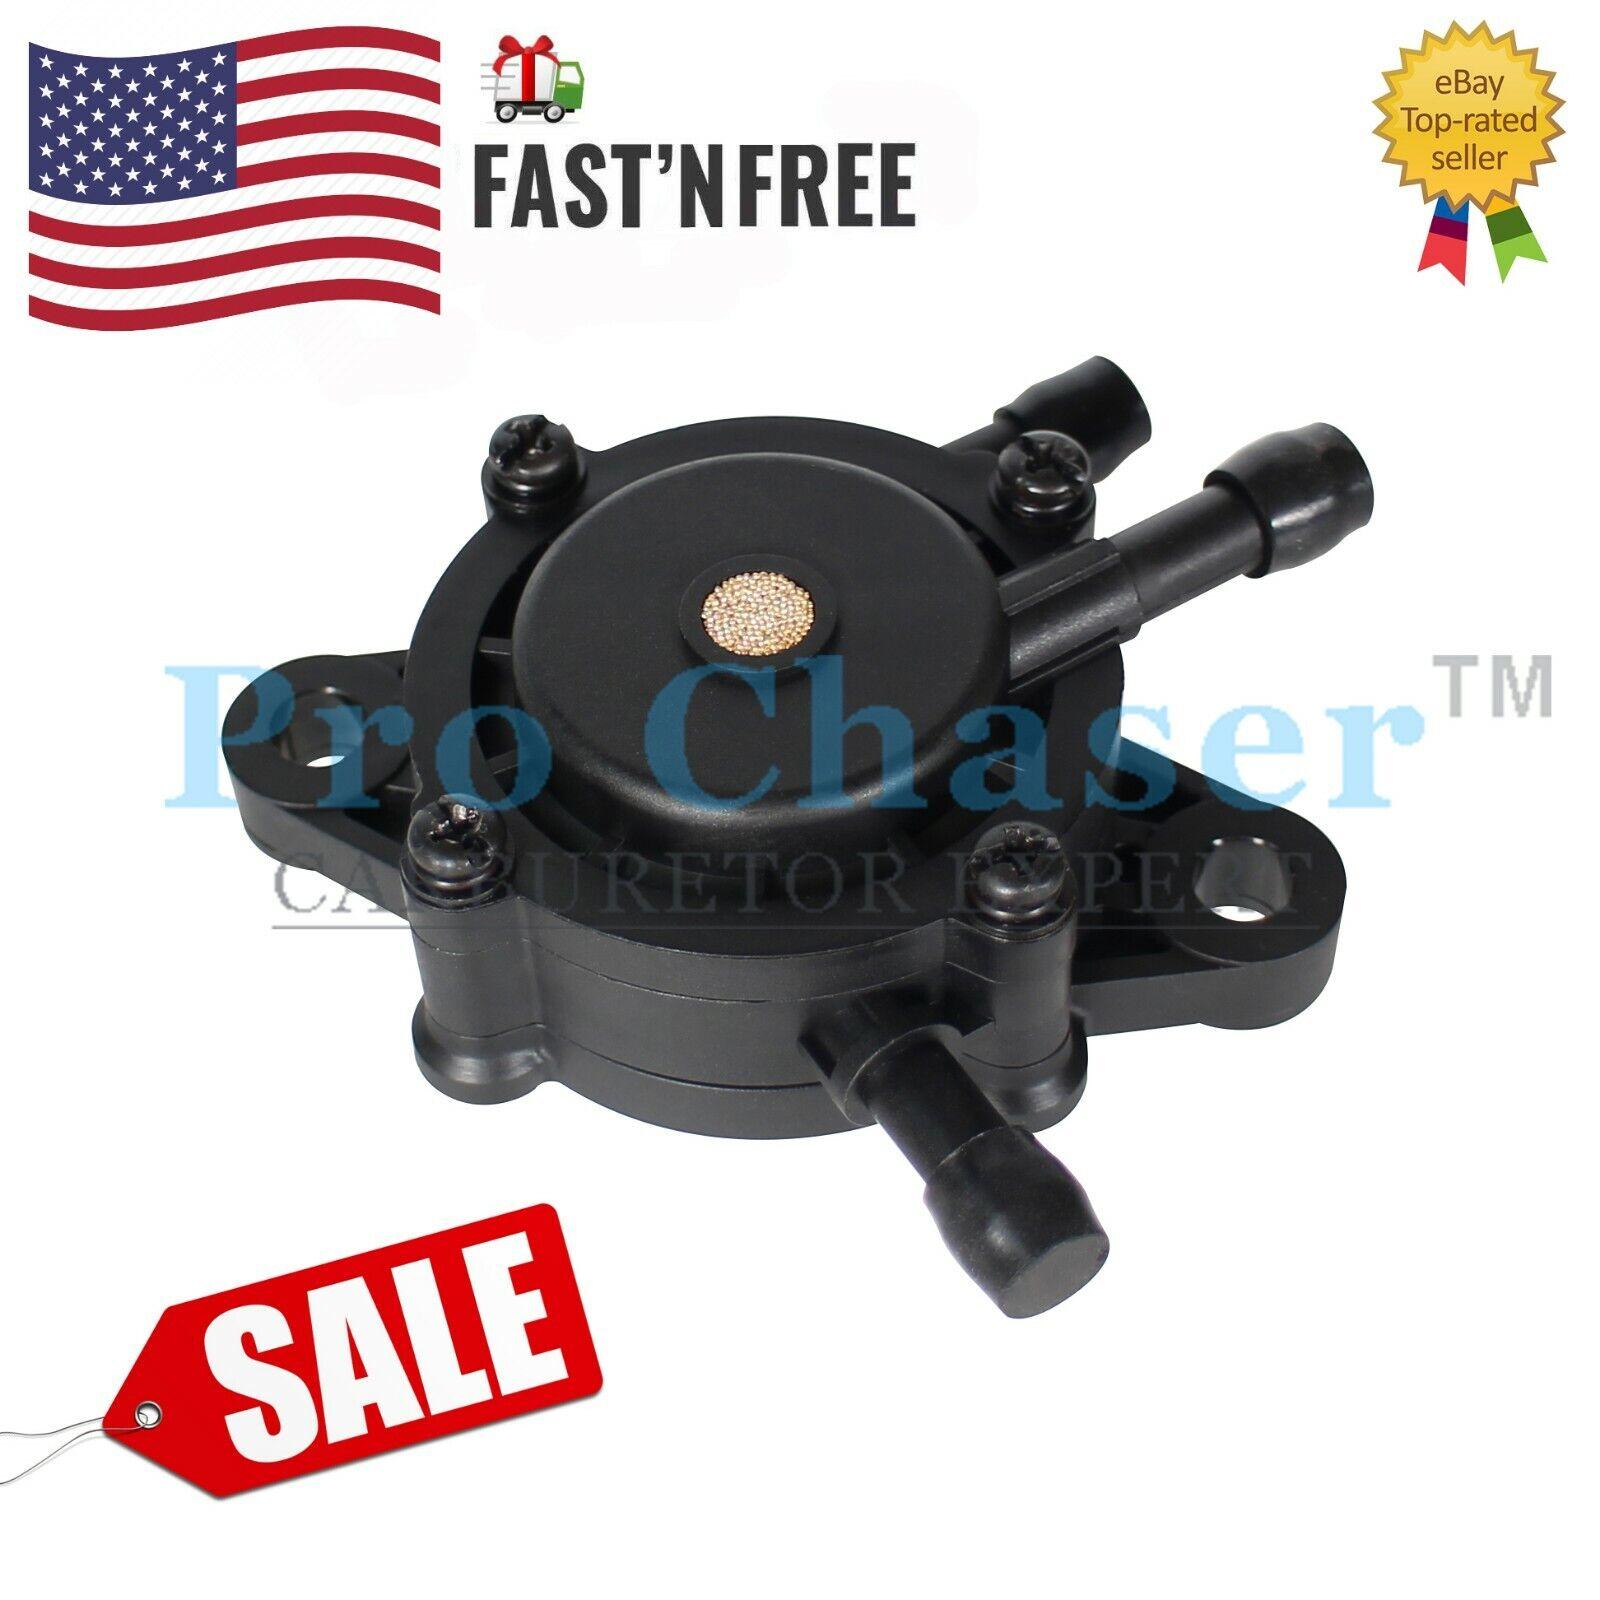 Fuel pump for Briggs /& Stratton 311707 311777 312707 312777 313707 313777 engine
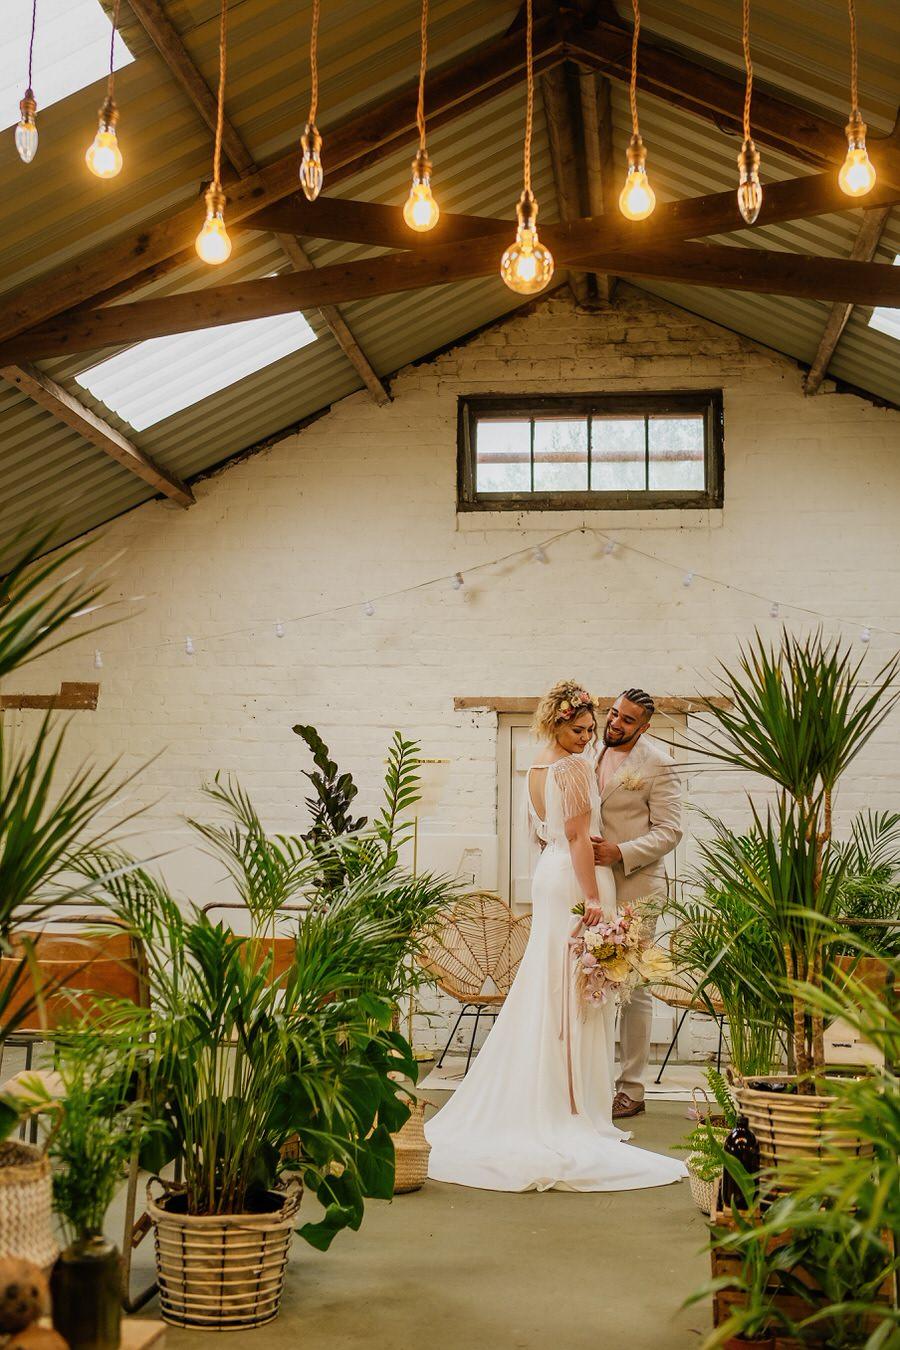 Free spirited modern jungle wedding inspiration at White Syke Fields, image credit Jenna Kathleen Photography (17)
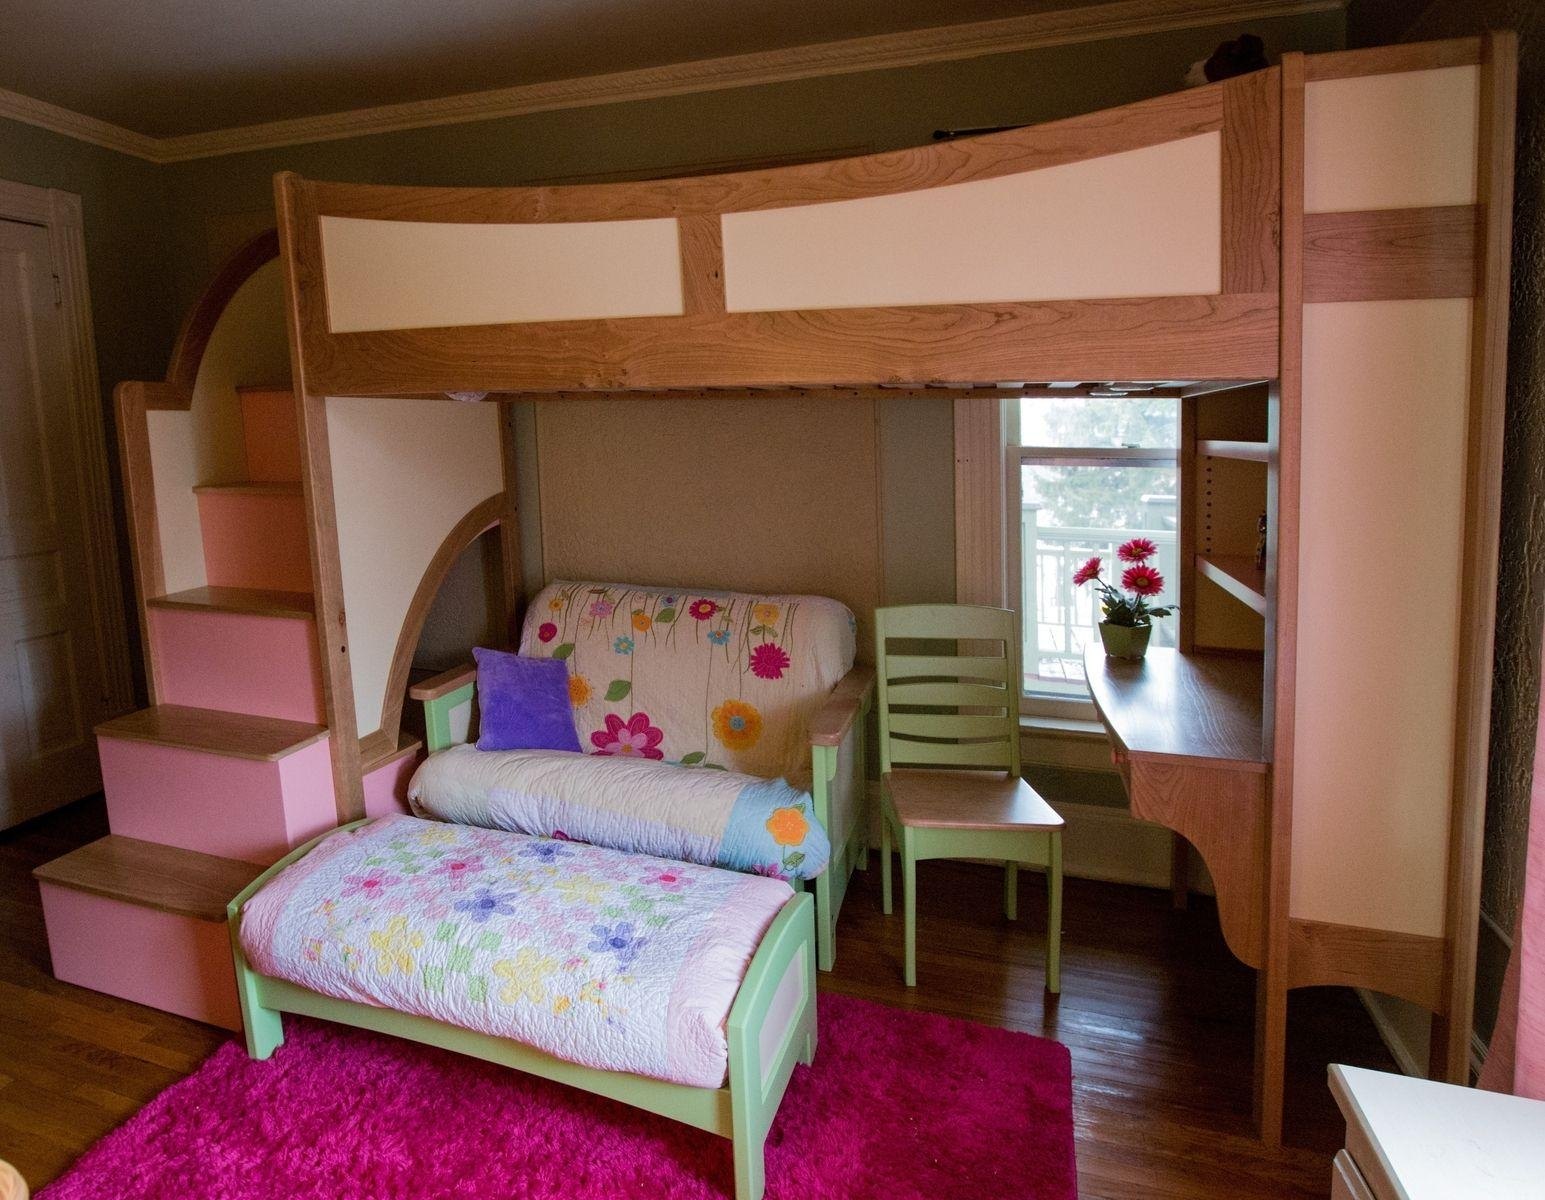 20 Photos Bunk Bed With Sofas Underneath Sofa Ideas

━━━━━━━━━━━━━━━━━━━━

(Problem statement) Nothing but the lines from the one containing "Free spirited modern" through the end of the listing should be printed, each exactly as it appears and without pictures.

(Solved problem)
 Free spirited modern jungle wedding inspiration at White Syke Fields, image credit Jenna Kathleen Photography (17)
 20 Photos Bunk Bed With Sofas Underneath Sofa Ideas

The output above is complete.